Но у Розы уж давно не стало матери. Нет у нее ни родных, ни знакомых, никто ее не любит, никому до нее нет дела; никто не придет к ней на чердак — не приласкает, не шепнет ей ни слова о той великой любви, что прощает и мытаря, и блудницу, и разбойника, распятого на кресте.
Роза-Мария жила, как дикарка, не зная: где — свет, где — мрак… С самым наивным видом она распевала в харчевнях всякие глупые, нехорошие песни. Она не понимала их и не догадывалась, что смешного находили в них слушатели… Грустно, тяжело было арфе; с болью чувствовала она, что из нее извлекают какие-то нелепые звуки, недостойные ее чудесных, отзывчивых струн. И посреди веселого пенья и чоканья стаканов у арфы порой вырывались такие жалобные, душу щемящие ноты, что разгулявшиеся кутилы невольно хмурились. Невесело, нехорошо жилось арфе…
Но, как ей ни было дурно, она все-таки не согласилась бы променять свою теперешнюю бродячую, уличную жизнь на гнусное существование во дворце какого-нибудь богача.
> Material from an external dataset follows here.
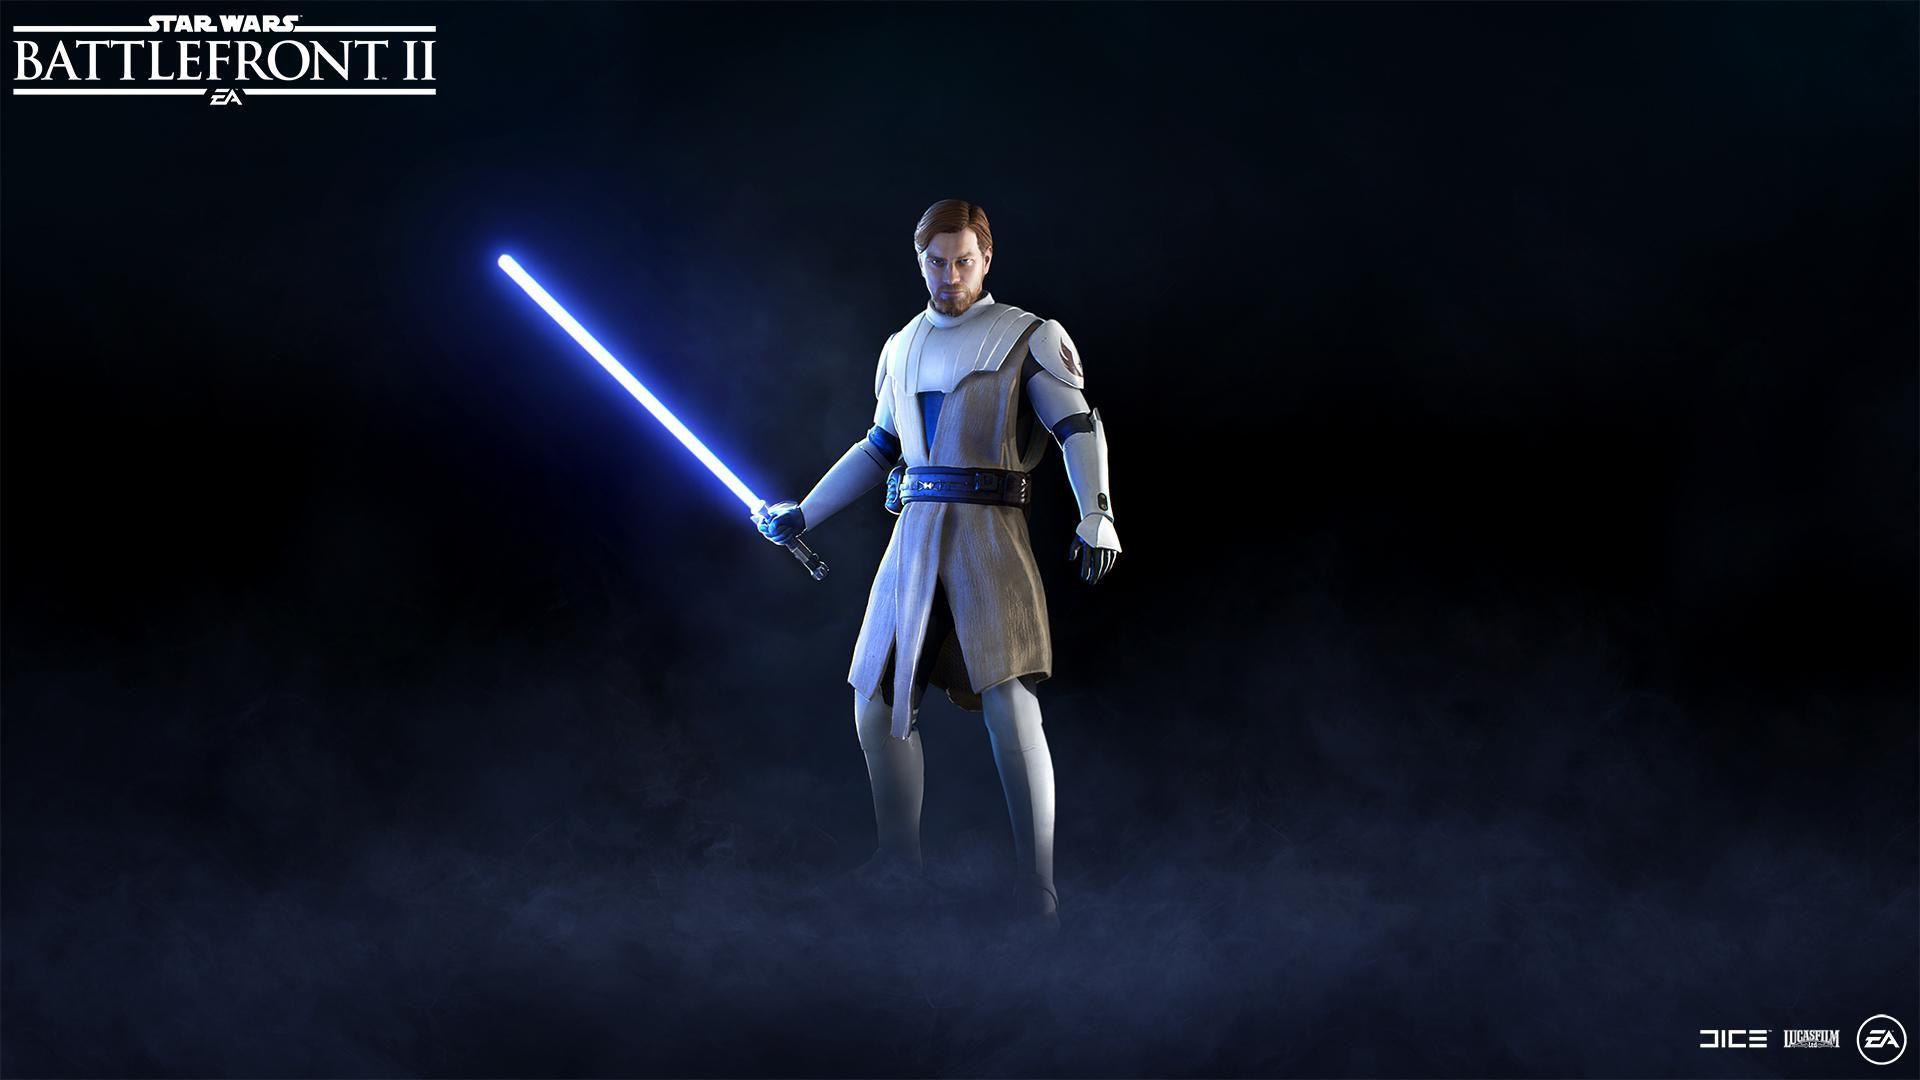 Star Wars Battlefront 2 Update 1.23 Fixes Obi Wan and Bugs

Эта несчастная певица — еще девочка, почти ребенок; арфа очень хорошо понимала это и недостойные песни не могли оскорблять ее глубоко. Уличные пороки и грубость в ней вызывали только сожаленье… Уже давно сказано: «Прости им, Господи, ибо не ведают, что творят».
Арфа видела, что и в пьяненьких матросах, и в самых жалких нищих и ворах и вообще во всем этом темном, оборванном люде порою пробивалось на свет чувство добра, горела искра божия, — в душе самого отчаянного бесшабашного негодяя порой пробуждался человек… А там, во дворце Миноя, — там — холодная пустыня; там слышен только звон червонцев; там вдоль стен стоят каменные статуи, похожие на людей, и бродят холодные, бессердечные люди, похожие на статуи… Нет! Арфе здесь лучше, — тем более, что певица, оставаясь одна ночью на своем чердаке, иногда наигрывала на ней такие милые, унылые песенки. Певица мечтала под ее тихие, нежные звуки и забывалась от своей тяжелой, нерадостной жизни. Иногда вой ветра нагонял на нее хорошие, блаженные сны… Во сне к ней приходила мать…
Но недолго арфа побыла в руках Розы-Марии. Девушка простудилась в своей бархатной кофточке, заболела и скоро угасла, как гаснет восковая свечка, стоящая на сквозном ветру. Перед смертью она даром отдала арфу одному своему знакомому, такому же несчастливцу, как сама, уличному певцу Сильвану.